# Exercise brief
For the records below, reproduce exactly the line that contains "100+] Dark Samurai Wallpapers" and all subsequent lines, with nothing left out and nothing added.

Data excerpts:
---

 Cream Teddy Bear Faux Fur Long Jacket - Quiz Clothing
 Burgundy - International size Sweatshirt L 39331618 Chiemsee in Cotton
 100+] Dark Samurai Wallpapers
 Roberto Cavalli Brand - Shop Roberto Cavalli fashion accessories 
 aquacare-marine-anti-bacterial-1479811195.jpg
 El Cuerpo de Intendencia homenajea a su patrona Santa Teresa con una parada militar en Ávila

---

# Solution for this exercise
 100+] Dark Samurai Wallpapers
 Roberto Cavalli Brand - Shop Roberto Cavalli fashion accessories 
 aquacare-marine-anti-bacterial-1479811195.jpg
 El Cuerpo de Intendencia homenajea a su patrona Santa Teresa con una parada militar en Ávila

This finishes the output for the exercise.